Initially intended for use only by third-party software and AI developers through OpenAI's application programming interface (API), GPT-4.1 was added to ChatGPT following strong user feedback.
OpenAI post training research lead Michelle Pokrass confirmed on X the shift was driven by demand, writing: 'we were initially planning on keeping this model api only but you all wanted it in chatgpt 🙂 happy coding!'
OpenAI Chief Product Officer Kevin Weil posted on X saying: 'We built it for developers, so it's very good at coding and instruction following—give it a try!'
GPT-4.1 was designed from the ground up for enterprise-grade practicality.
Launched in April 2025 alongside GPT-4.1 mini and nano, this model family prioritized developer needs and production use cases.
GPT-4.1 delivers a 21.4-point improvement over GPT-4o on the SWE-bench Verified software engineering benchmark, and a 10.5-point gain on instruction-following tasks in Scale's MultiChallenge benchmark. It also reduces verbosity by 50% compared to other models, a trait enterprise users praised during early testing.
Context, speed, and model access
GPT-4.1 supports the standard context windows for ChatGPT: 8,000 tokens for free users, 32,000 tokens for Plus users, and 128,000 tokens for Pro users.
Read More Real-time data and AI thrust manufacturing into the future
According to developer Angel Bogado posting on X, these limits match those used by earlier ChatGPT models, though plans are underway to increase context size further.

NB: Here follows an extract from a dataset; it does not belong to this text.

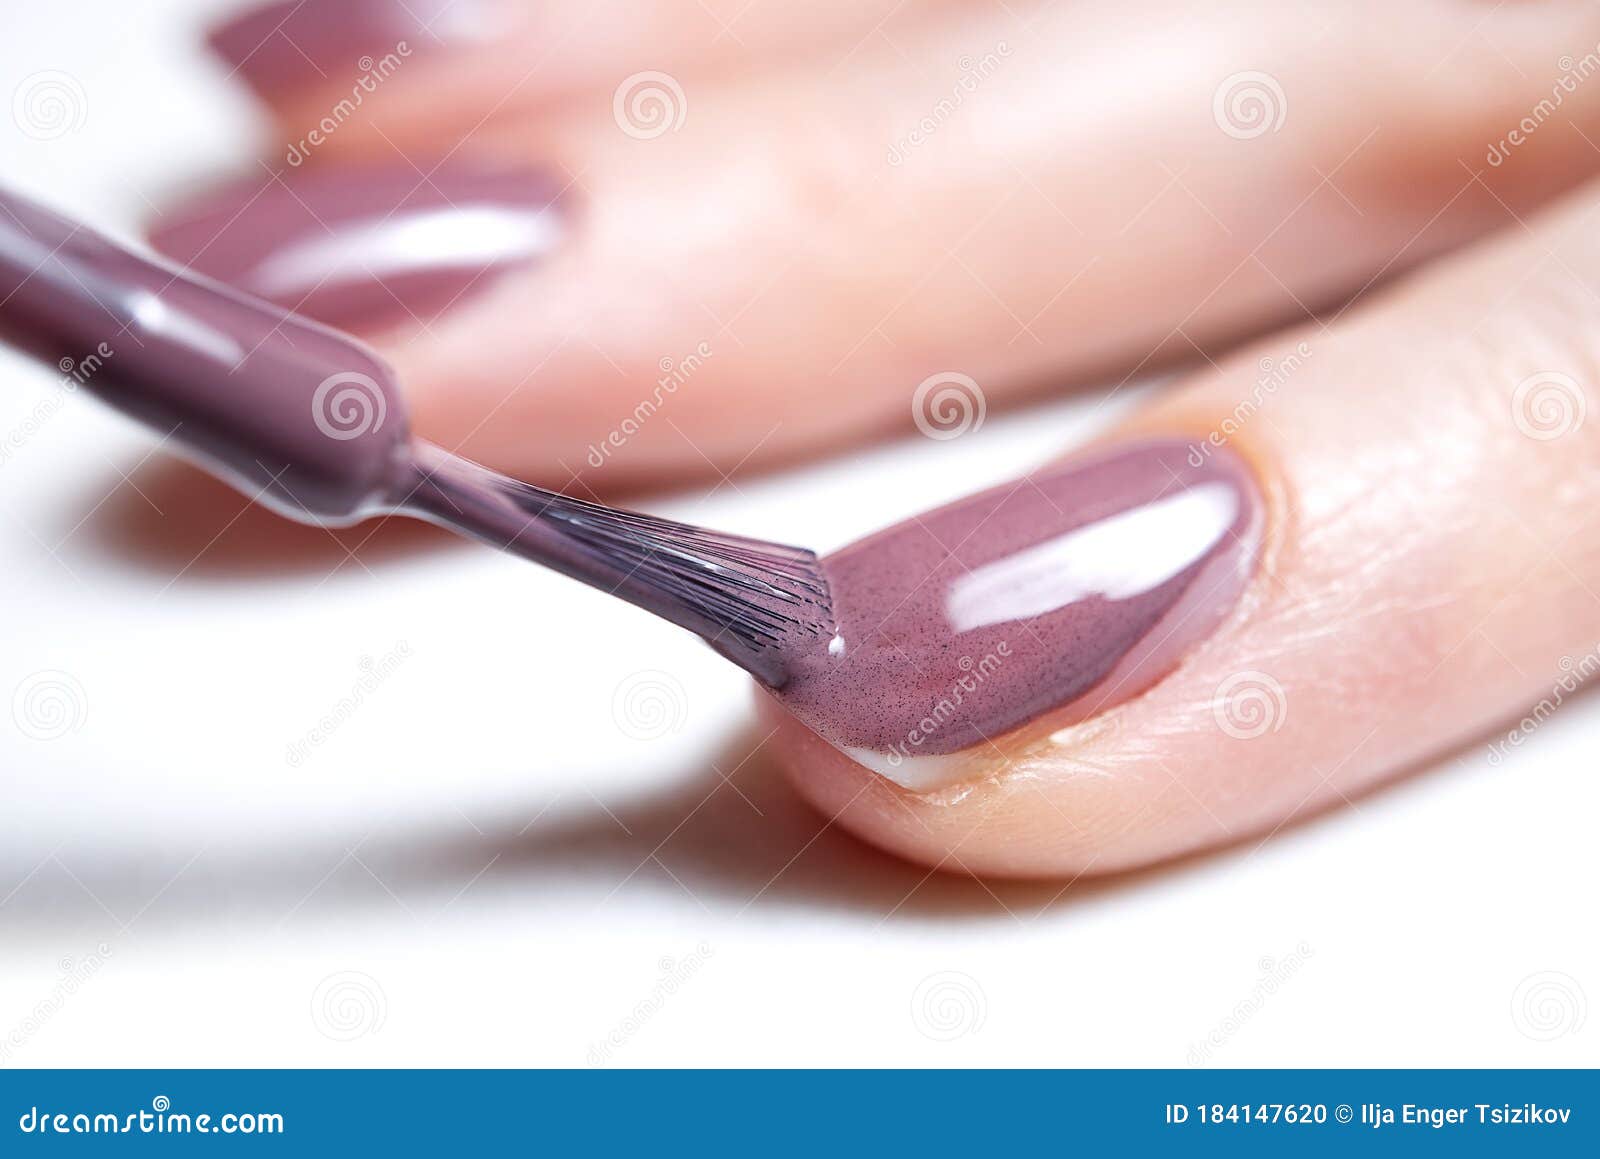 Woman Applying Nail Polish. Beautiful Nails. Woman Applying Polish on Nails  at Home. Pastel Nail Polish on Fingernail Stock Photo - Image of closeup,  business: 184147620
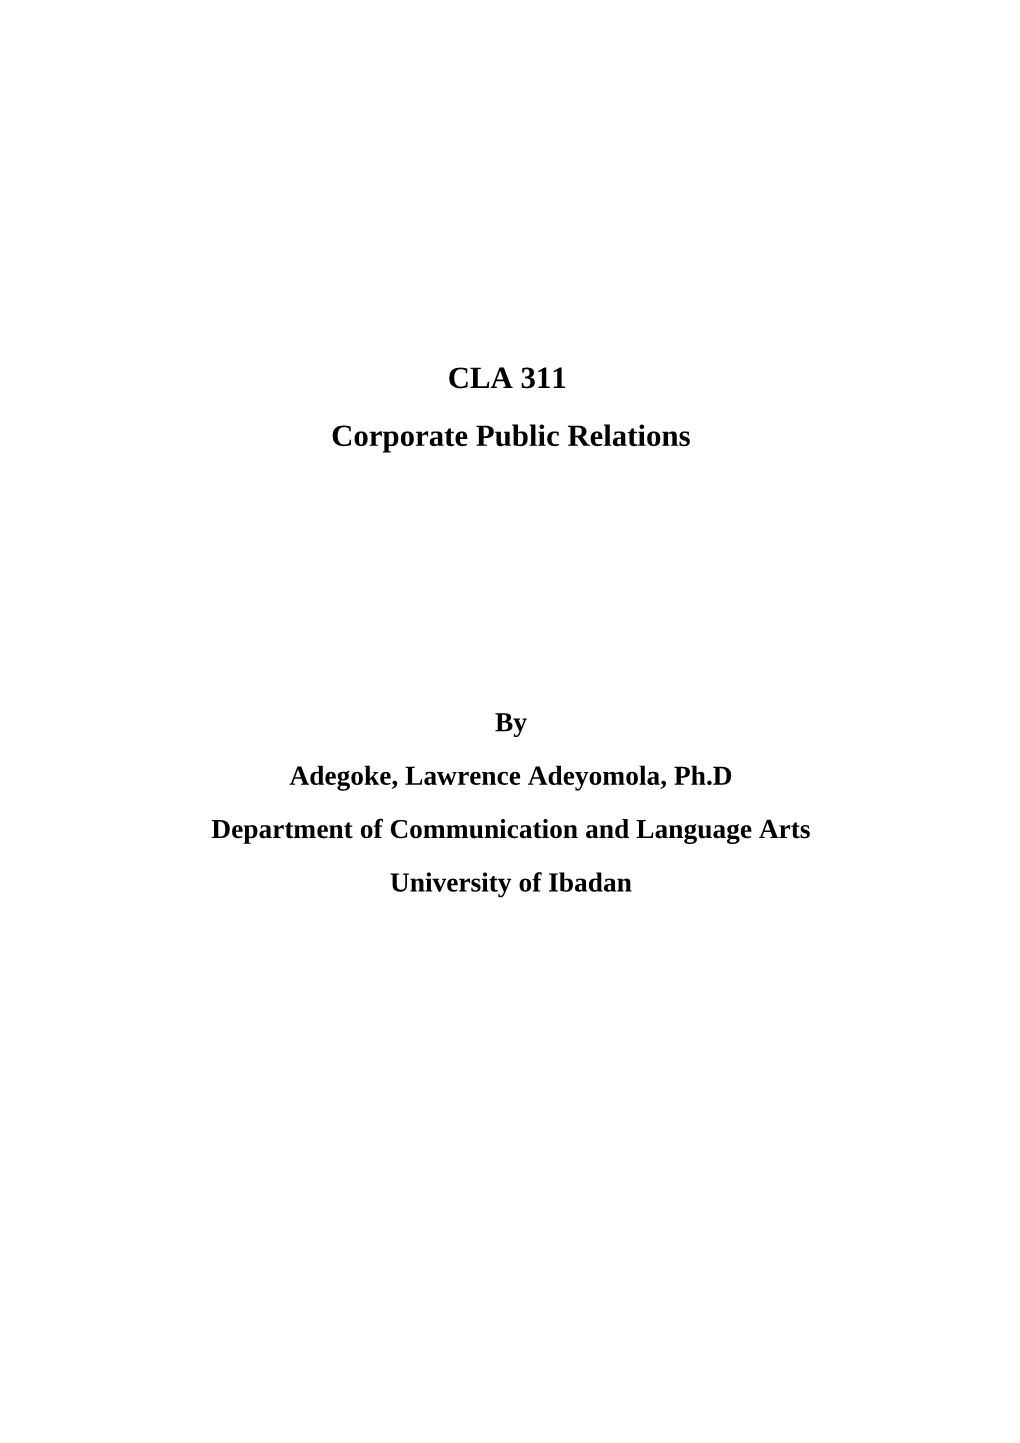 CLA 311 Corporate Public Relations

While the API versions of GPT-4.1 can process up to one million tokens, this expanded capacity is not yet available in ChatGPT, though future support has been hinted at.
This extended context capability allows API users to feed entire codebases or large legal and financial documents into the model—useful for reviewing multi-document contracts or analyzing large log files.
OpenAI has acknowledged some performance degradation with extremely large inputs, but enterprise test cases suggest solid performance up to several hundred thousand tokens.
OpenAI has also launched a Safety Evaluations Hub website to give users access to key performance metrics across models.
GPT-4.1 shows solid results across these evaluations. In factual accuracy tests, it scored 0.40 on the SimpleQA benchmark and 0.63 on PersonQA, outperforming several predecessors.
It also scored 0.99 on OpenAI's 'not unsafe' measure in standard refusal tests, and 0.86 on more challenging prompts.
However, in the StrongReject jailbreak test—an academic benchmark for safety under adversarial conditions—GPT-4.1 scored 0.23, behind models like GPT-4o-mini and o3.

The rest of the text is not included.